You are viewing a plain text version of this content. The canonical link for it is here.
Posted to dev@nutch.apache.org by "Sebastian Nagel (Jira)" <ji...@apache.org> on 2020/06/08 12:07:00 UTC
[jira] [Updated] (NUTCH-2567) parse-metatags writes all meta tags
twice
[ https://issues.apache.org/jira/browse/NUTCH-2567?page=com.atlassian.jira.plugin.system.issuetabpanels:all-tabpanel ]

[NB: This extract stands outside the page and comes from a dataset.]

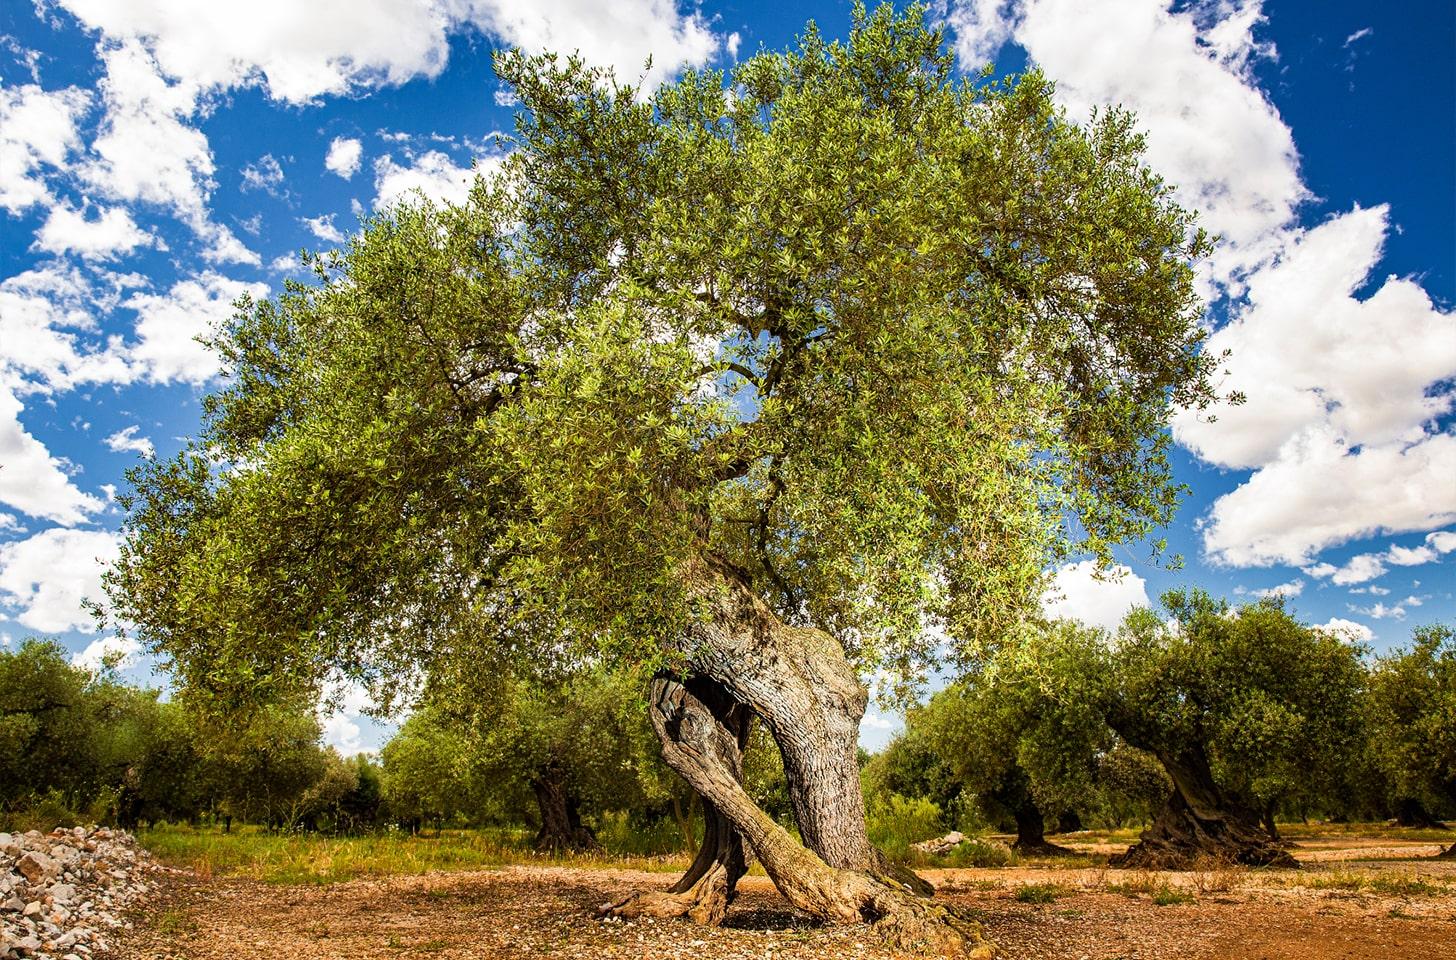 oliveres_03-min

Sebastian Nagel updated NUTCH-2567:
-----------------------------------
Fix Version/s: (was: 1.18)
1.17
> parse-metatags writes all meta tags twice
> -----------------------------------------
>
> Key: NUTCH-2567
> URL: https://issues.apache.org/jira/browse/NUTCH-2567
> Project: Nutch
> Issue Type: Bug
> Reporter: Gerard Bouchar
> Priority: Major
> Fix For: 1.17
>
>
> Using nutch witch the following configuration, MetaTagsParser writes HTML meta tags to the metadata twice:
> {code:java}
> <property>
> <name>plugin.includes</name>
> <value>protocol-http|parse-(tika|metatags)</value>
> </property>
> {code}
> The problem seems to come from [MetaTagsParser.java#L104-L111|https://github.com/apache/nutch/blob/929fc9c89afb9267e3116cdca874dbcf9e511430/src/plugin/parse-metatags/src/java/org/apache/nutch/parse/metatags/MetaTagsParser.java#L104-L111] :
> Both the meta tags from the existing ParseResult and from the HTMLMetaTags are added to the metadata with a "metatag." prefix. But the ParseResult object already contains the HTML meta tags, because they have been added by TikaParser here: [TikaParser.java#L198-L206|https://github.com/apache/nutch/blob/929fc9c89afb9267e3116cdca874dbcf9e511430/src/plugin/parse-tika/src/java/org/apache/nutch/parse/tika/TikaParser.java#L198-L206]
>
> This bug is concerning, because it makes the segments uselessly big, especially if we want to store all metatags (by default, only metatag.description and metatag.keywords are stored, and thus duplicated).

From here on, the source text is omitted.